### [RAW DATA]
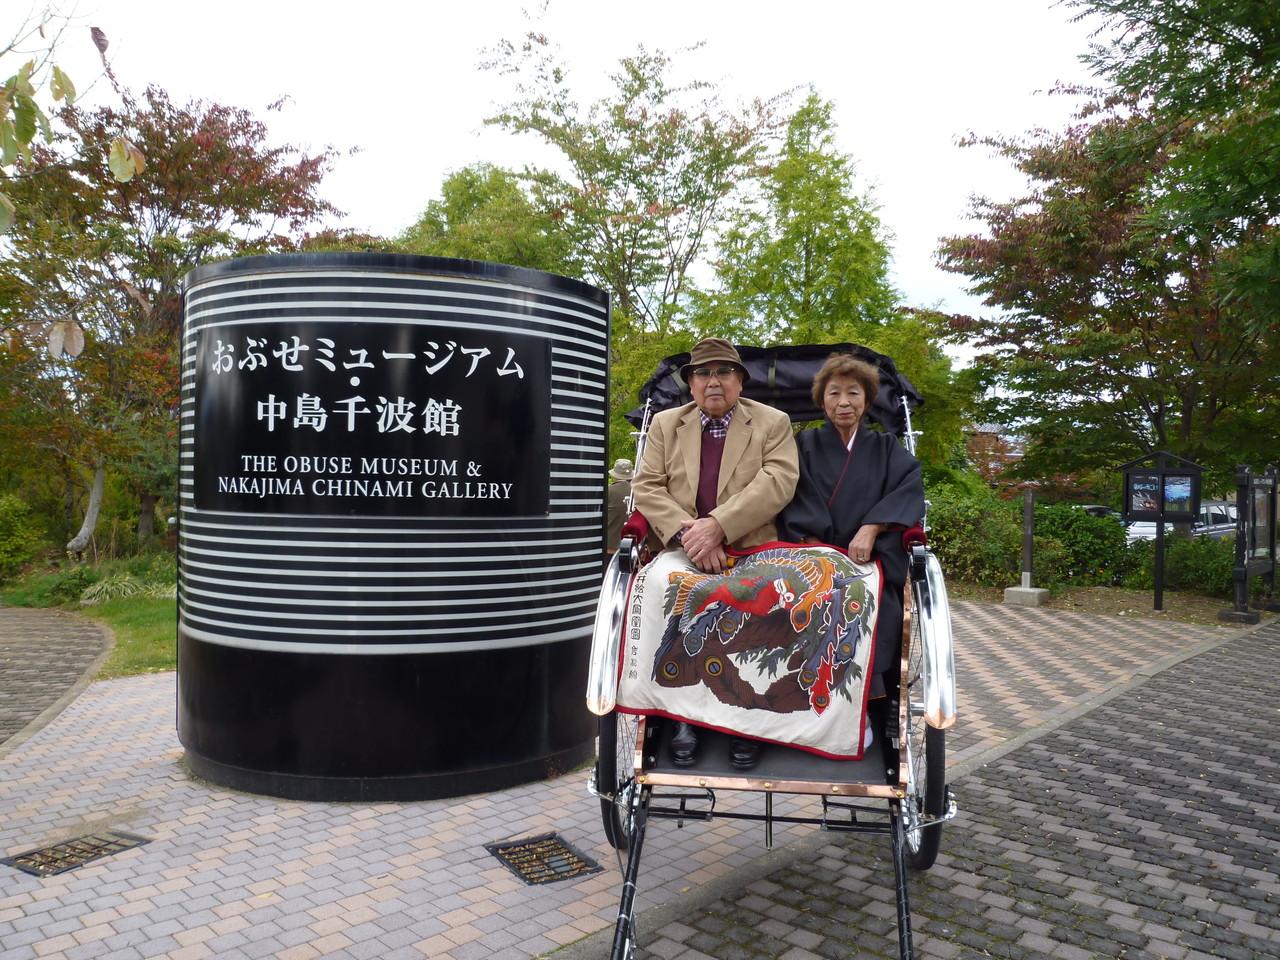 2014 19 28! 埼玉からのお越しありがとうございます!2
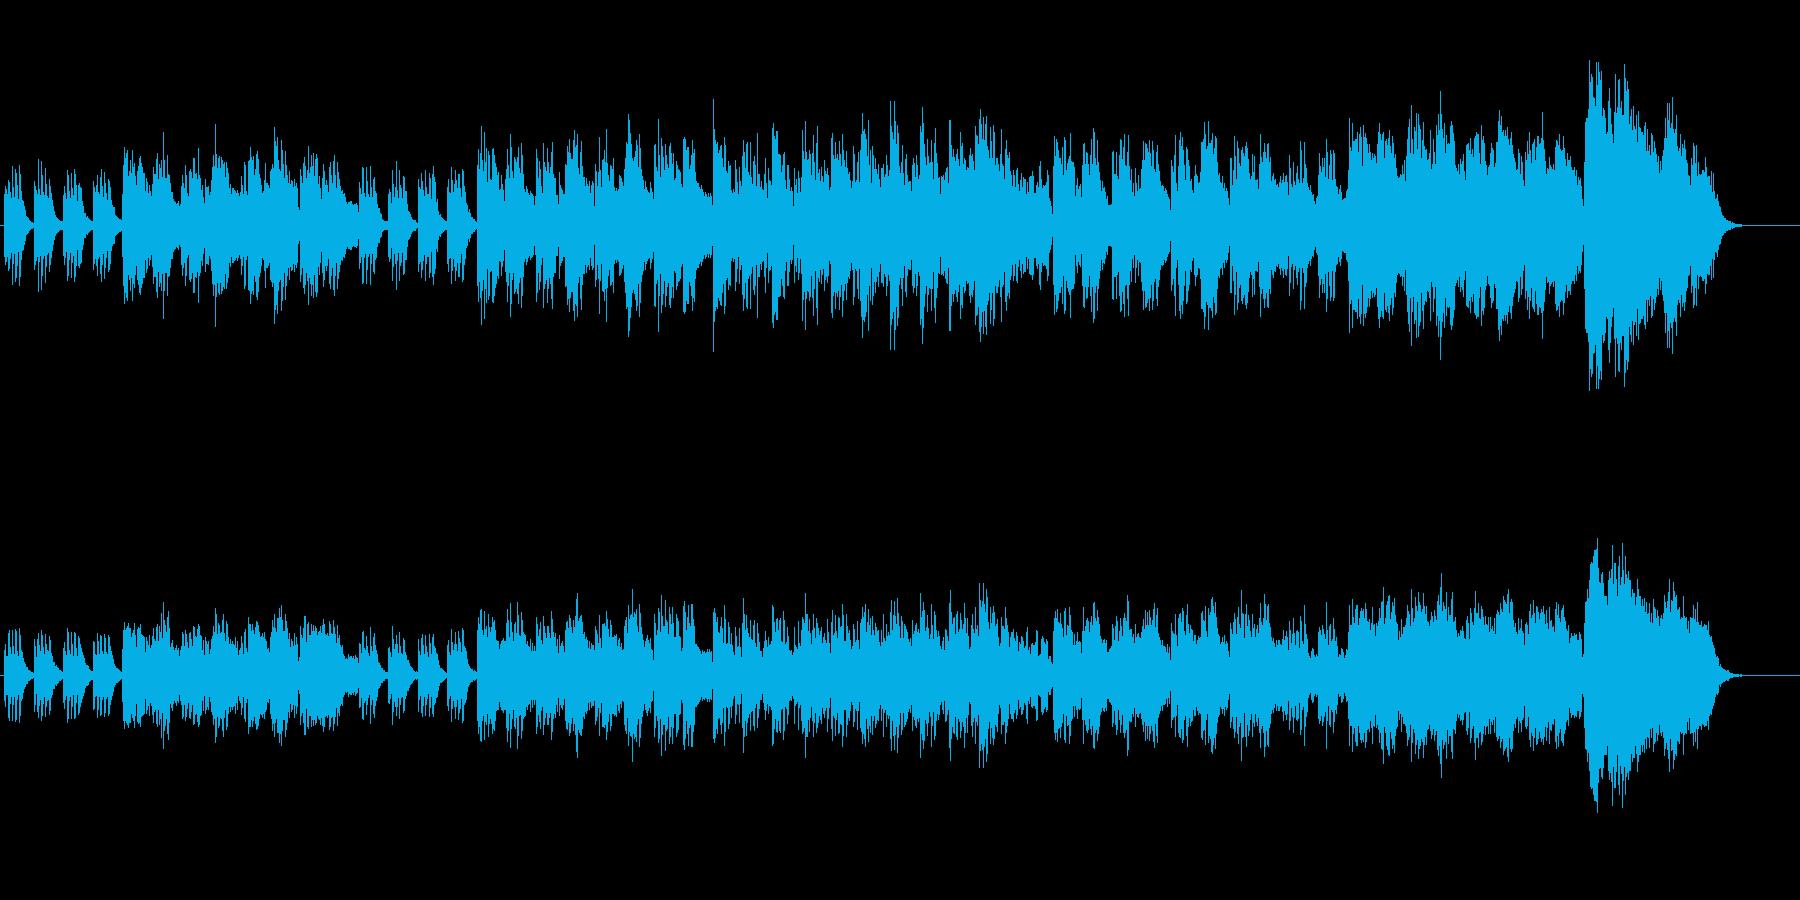 尺八風の音色で構築した邦楽サウンドの再生済みの波形
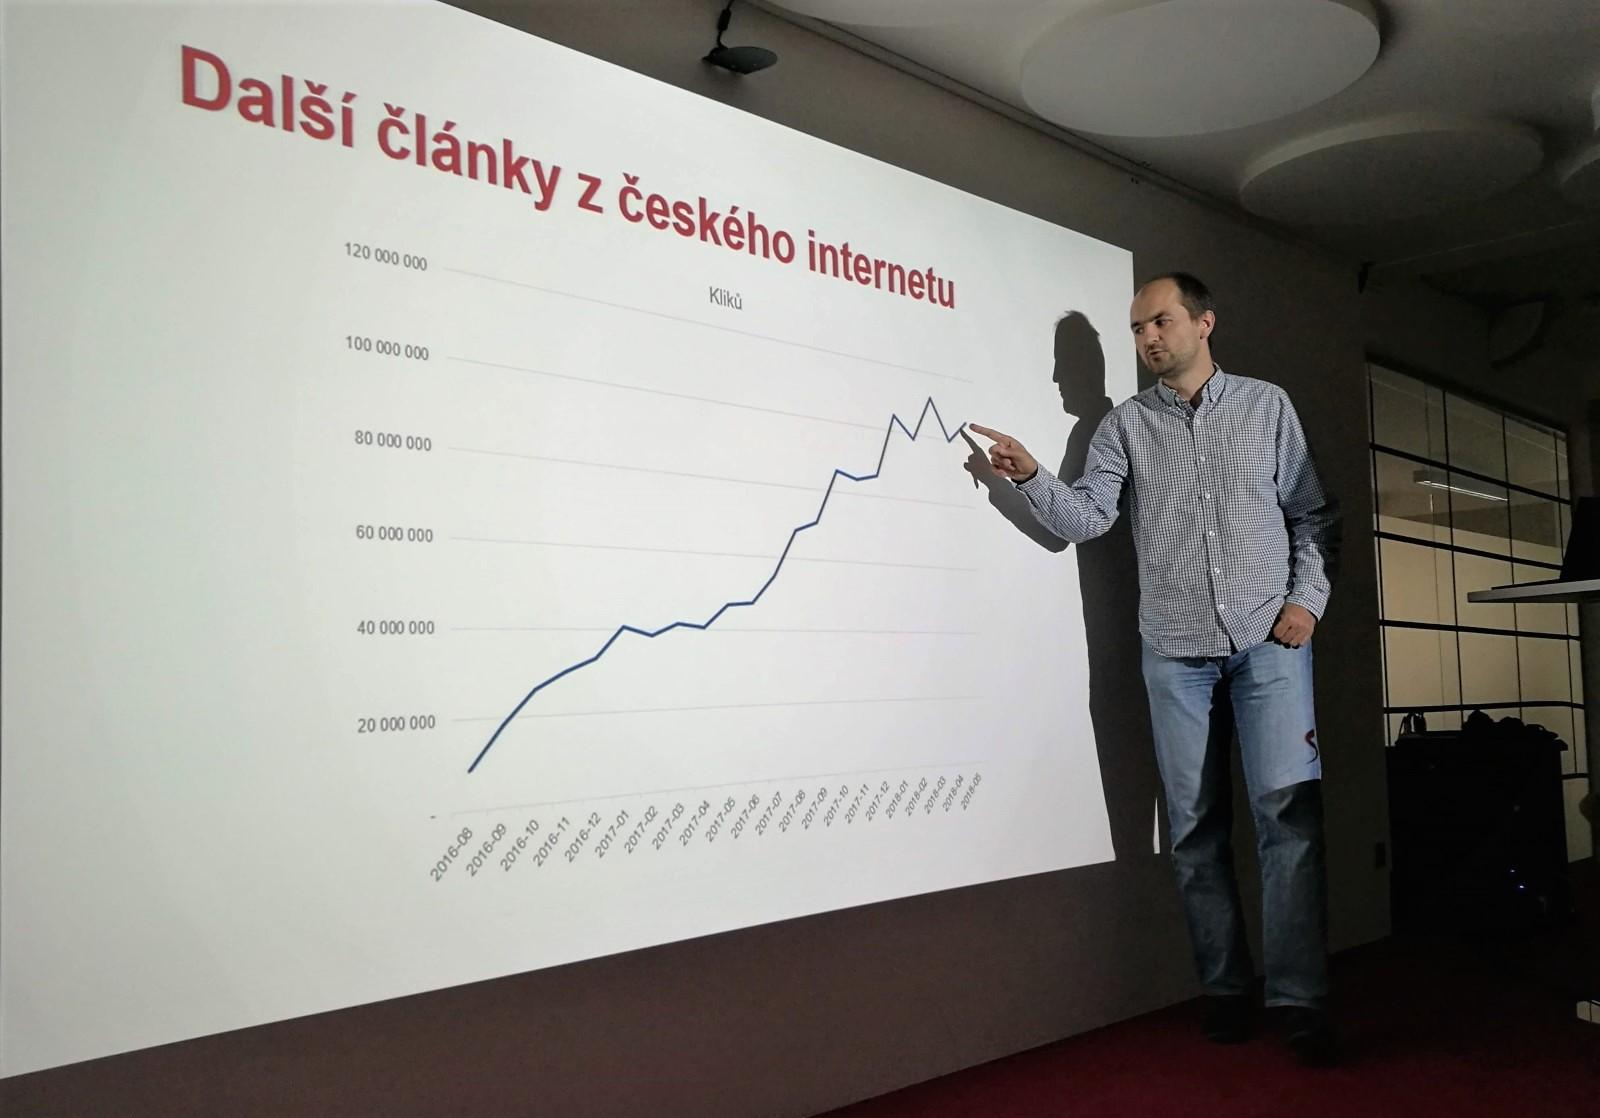 Pavel Zima představuje čísla o sekci Další články z českého internetu

### [EXERCISE OBJECTIVE]
Each line of the data above must be repeated exactly, images excluded.

### [TASK RESULT]
 2014 19 28! 埼玉からのお越しありがとうございます!2
 尺八風の音色で構築した邦楽サウンドの再生済みの波形
 Pavel Zima představuje čísla o sekci Další články z českého internetu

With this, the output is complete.